Char and string types, what should I use?

Question

At work I'm mainly using C# but I want to learn C++ as well and chars/strings are somewhat confusing. For example, I know that TCHAR can either be a regular char or, if I'm using Unicode, a wchar_t. So, always use TCHAR? But then you find questions like Is TCHAR still relevant?.
Ok, let's use something else...? So far I've only used char and std::string and at this point I have no idea if that was a good approach or not, I'm a bit lost.

What should I use if I'm writing a program which will not be translated to antother language?
What should I use if I'm writing a program which will be translated to antother language?
What should I use if I'm writing a program which will only be used in countries that use Latin characters, which do not have English as their native language (hello ä, ö, ü, ß, æ, Ø, ï...)?
Is there anthing that I can safely ignore because it's outdated?

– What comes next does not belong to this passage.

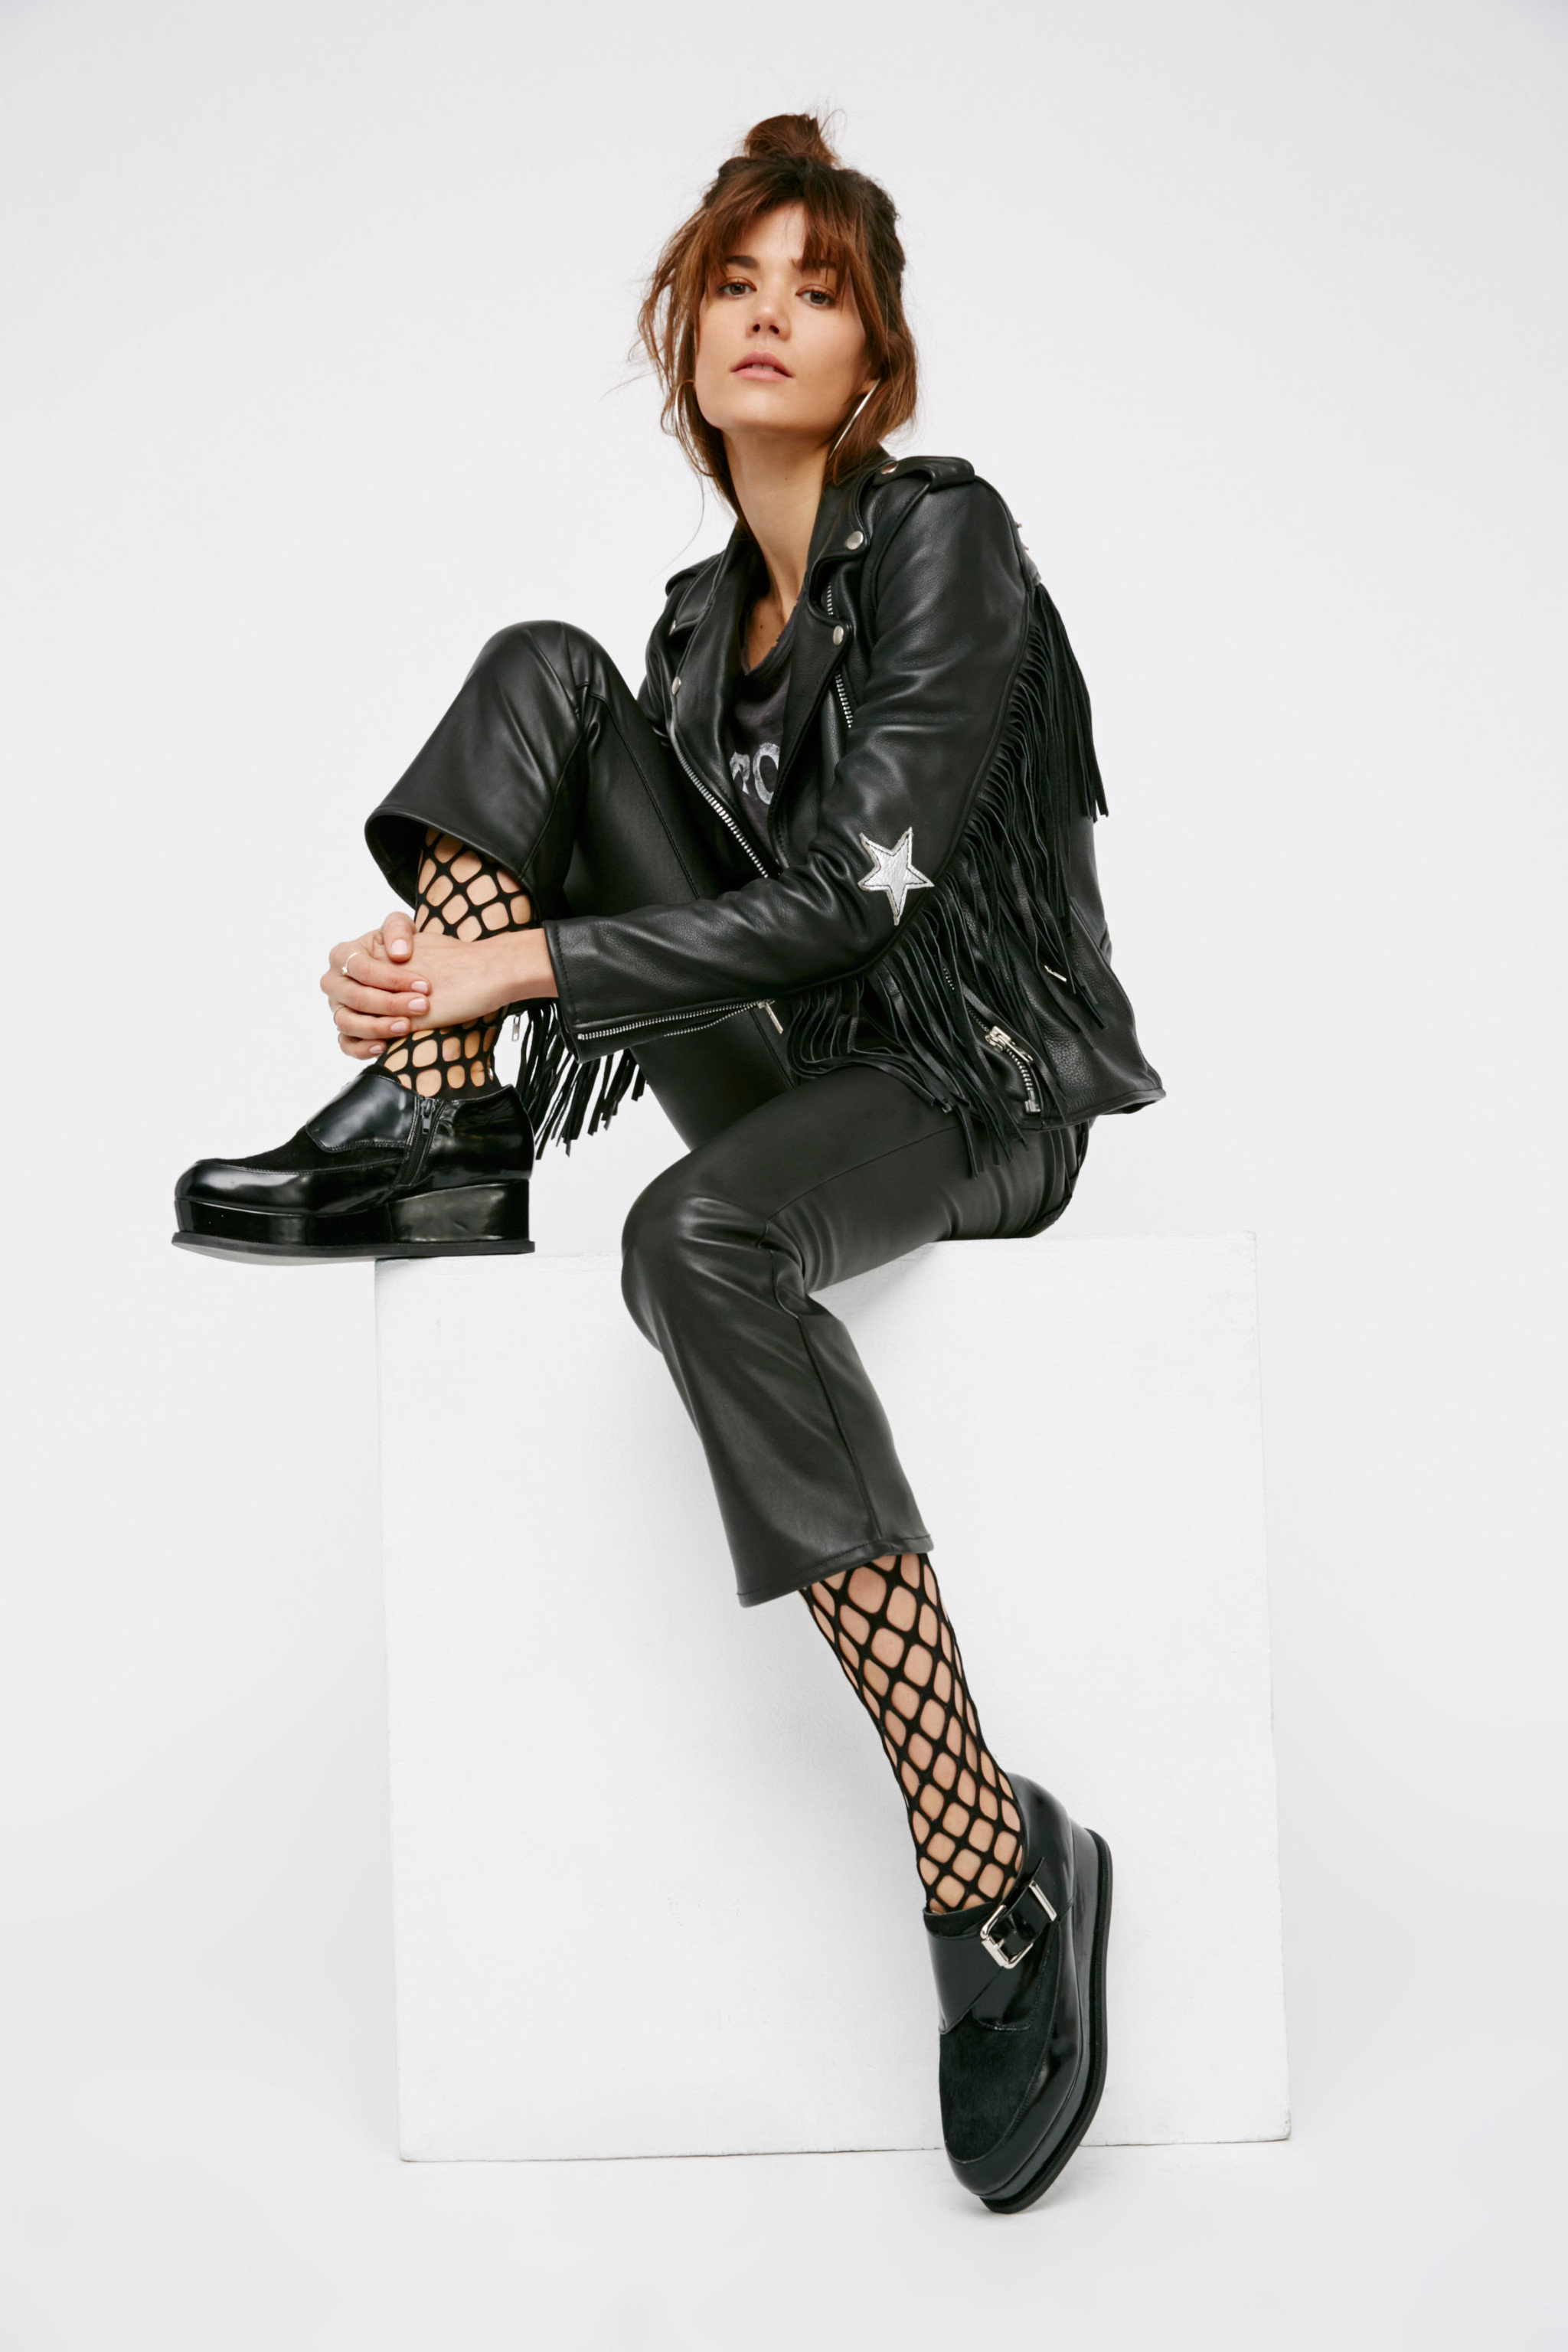 Style + Design person black clothing leather footwear sleeve jacket photo shoot fashion spring textile outerwear model leather jacket leg air trousers material collar formal wear

I suggest reading [`std::string` vs. `std::wstring`](http://stackoverflow.com/a/402918/5470596). — YSC, Mar 17 '16 at 09:03
If you ask me: Always use `char` (and `std::string`) and UTF-8. *Always*. http://utf8everywhere.org is a good read. Moreover, thinking that sticking with English means ASCII (or its set of characters) will be enough is a bit naïve. — Biffen, Mar 17 '16 at 09:31
Use wide strings (TCHAR with _UNICODE and UNICODE defined, or WCHAR) everywhere, all the time. Prefer std::wstring when writing C++ code. The only exception is if you want to use UTF-8. http://utf8everywhere.org hasn't managed to sell me on it yet, but it makes fair arguments. — Cody Gray - on strike, Mar 17 '16 at 09:39

score 0 · Answer 1 · answered Mar 17 '16 at 08:58

So, always use TCHAR?

Not really recomended as this is windows only macro. But if you will plan to use it on other platform then its easy to define your own TCHAR. Personally I always use TCHAR - as application I work on started as a Windows only project.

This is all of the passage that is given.